In [1]:
import numpy as np
import pandas as pd
import nltk
from nltk.corpus import stopwords
nltk.download('stopwords')
import re
from sklearn.feature_extraction.text import TfidfVectorizer
from sklearn.metrics.pairwise import cosine_similarity

# Sample documents
documents = ['Machine learning is the study of computer algorithms that improve automatically through experience.\
Machine learning algorithms build a mathematical model based on sample data, known as training data.\
The discipline of machine learning employs various approaches to teach computers to accomplish tasks \
where no fully satisfactory algorithm is available.',
'Machine learning is closely related to computational statistics, which focuses on making predictions using computers.\
The study of mathematical optimization delivers methods, theory and application domains to the field of machine learning.',
'Machine learning involves computers discovering how they can perform tasks without being explicitly programmed to do so. \
It involves computers learning from data provided so that they carry out certain tasks.',
'Machine learning approaches are traditionally divided into three broad categories, depending on the nature of the "signal"\
or "feedback" available to the learning system: Supervised, Unsupervised and Reinforcement',
'Software engineering is the systematic application of engineering approaches to the development of software.\
Software engineering is a computing discipline.',
'A software engineer creates programs based on logic for the computer to execute.

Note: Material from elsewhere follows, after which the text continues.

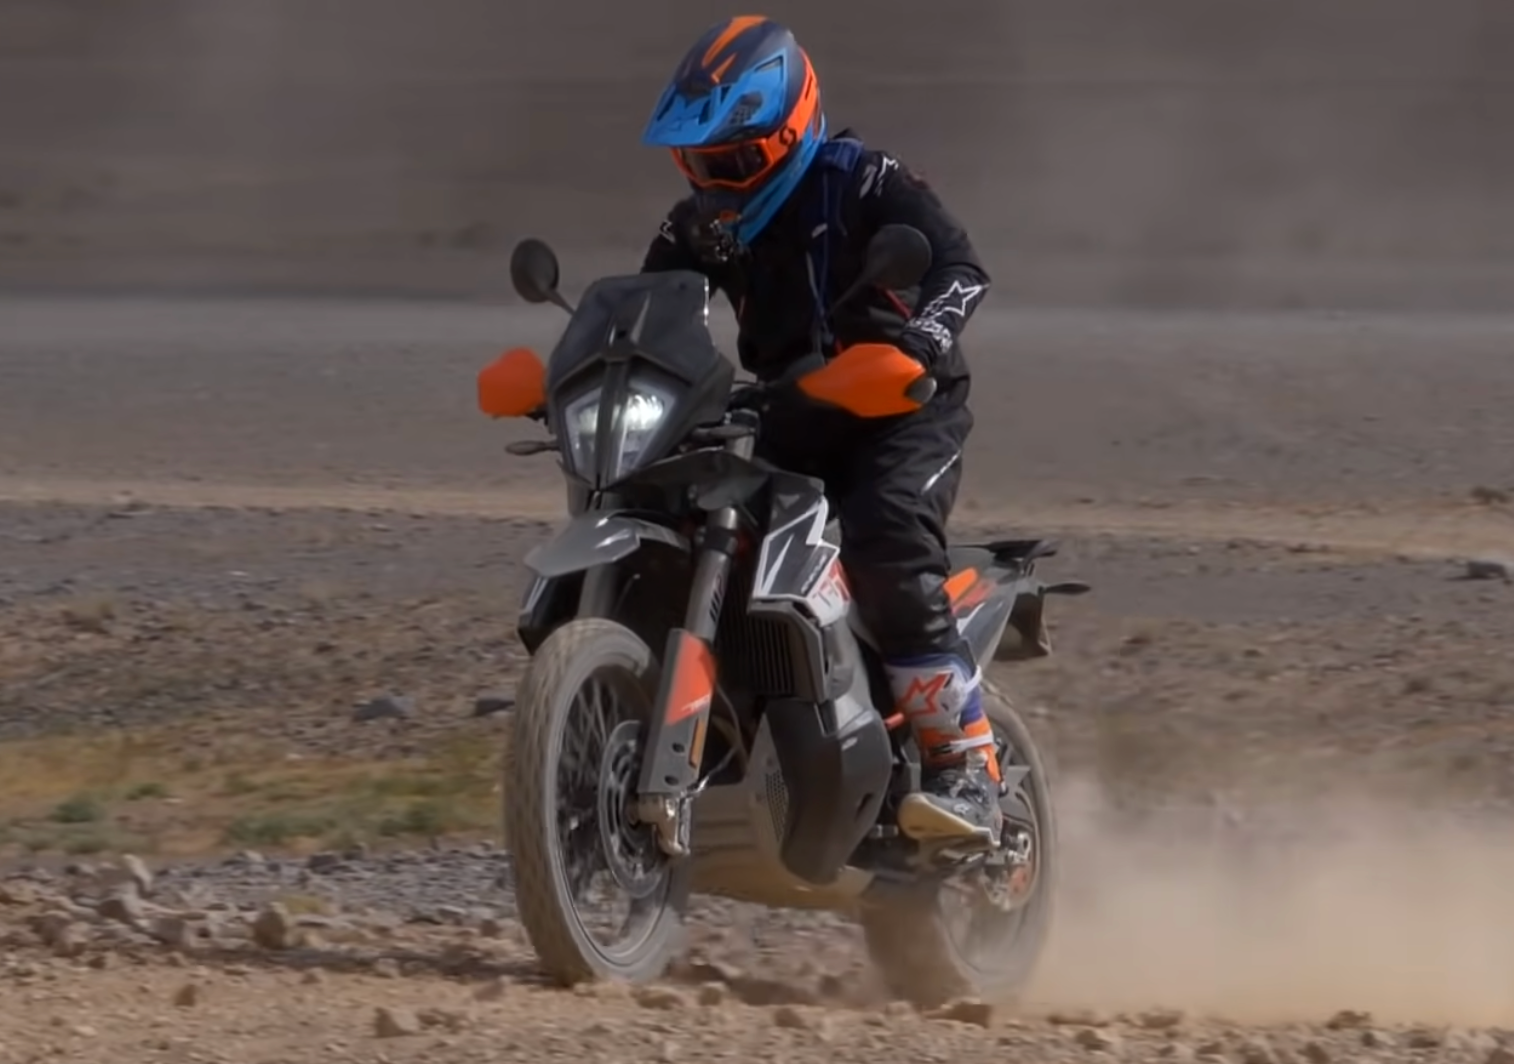 KTM 790 ADVENTURE R: INITIAL IMPRESSIONS FROM MOROCCO
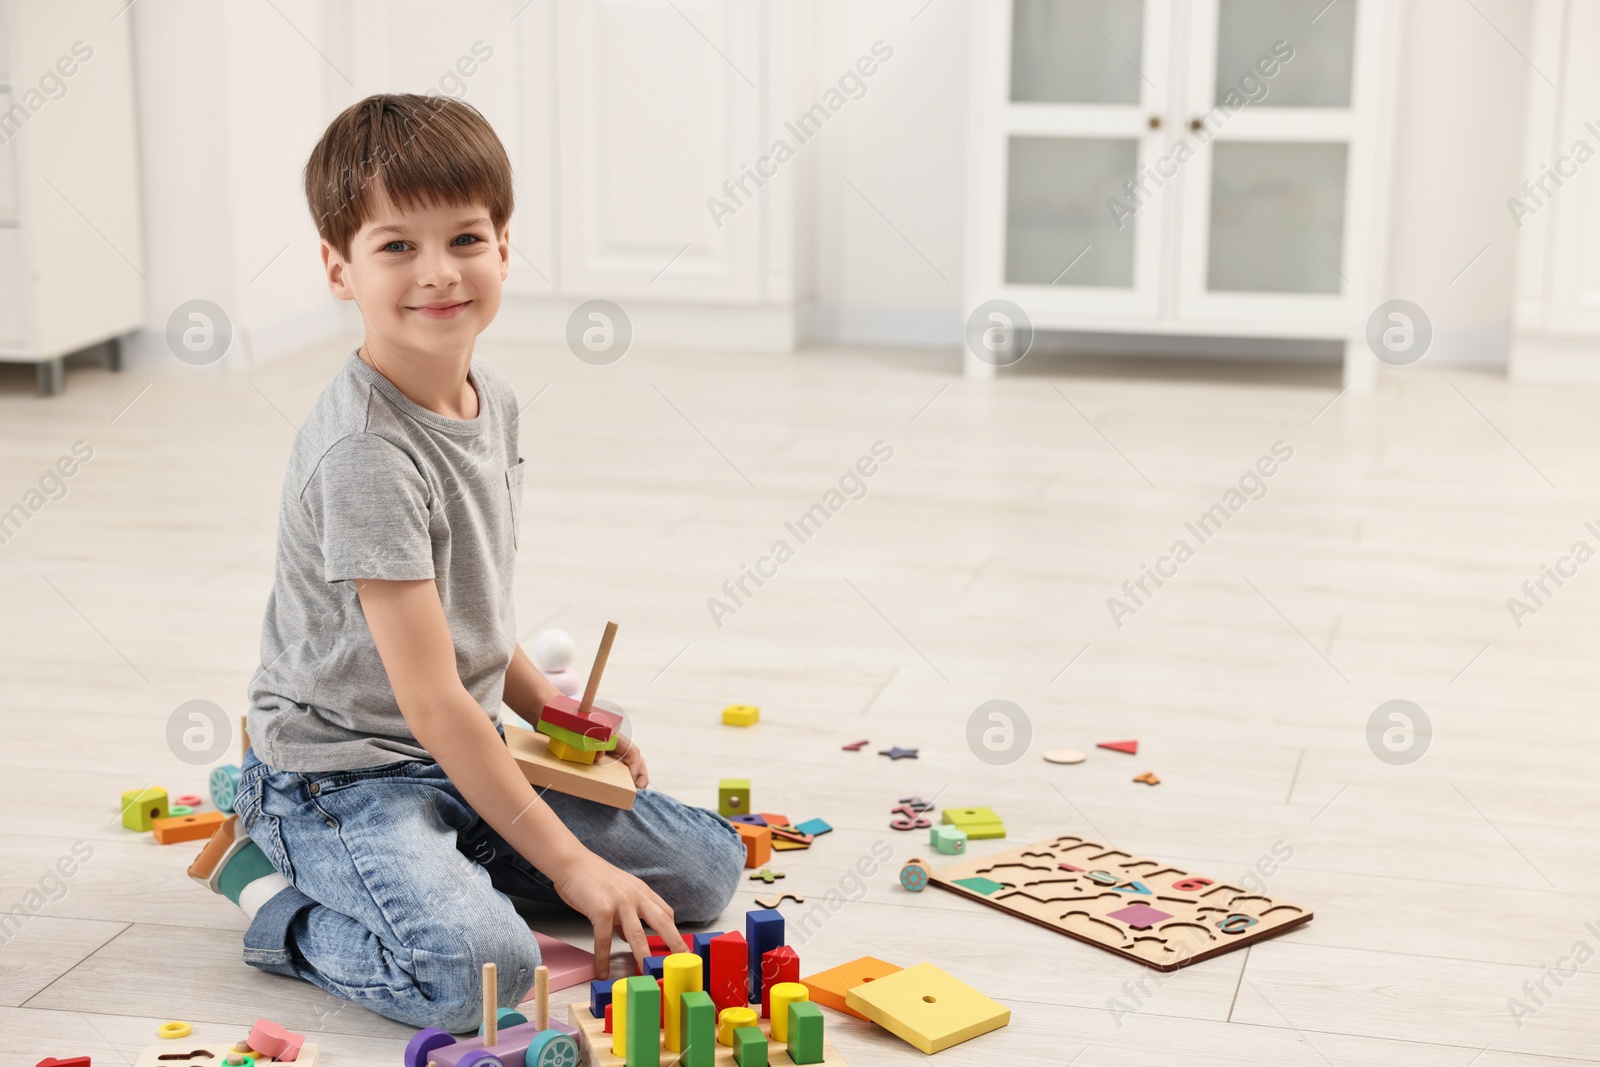 Photo of Cute little boy playing with toy pyramid on floor indoors

A software engineer has to be more concerned\
about the correctness of the program in all the cases. Meanwhile, a data scientist is comfortable with uncertainty and variability.\
Developing a machine learning application is more iterative and explorative process than software engineering.'
]

#Creating DataFrame from Documents using Pandas
documentsDf=pd.DataFrame(documents,columns=['documents'])

# Removing stop words and special characters from the text
stopWords=stopwords.words('english')
documentsDf['CleanedDocuments']=documentsDf.documents.apply(lambda x: " ".join(re.sub(r'[^a-zA-Z]',' ',w).lower() for w in x.split() if re.sub(r'[^a-zA-Z]',' ',w).lower() not in stopWords) )

# To transform the text into embeddings(way to represent the text in a vector space), TF-IDF method is being used.
#Creating TF-IDF vectors from CleanedDocuments
tfIdfVectoriser=TfidfVectorizer()
tfIdfVectoriser.fit(documentsDf.CleanedDocuments)
tfidfVectors=tfIdfVectoriser.transform(documentsDf.CleanedDocuments)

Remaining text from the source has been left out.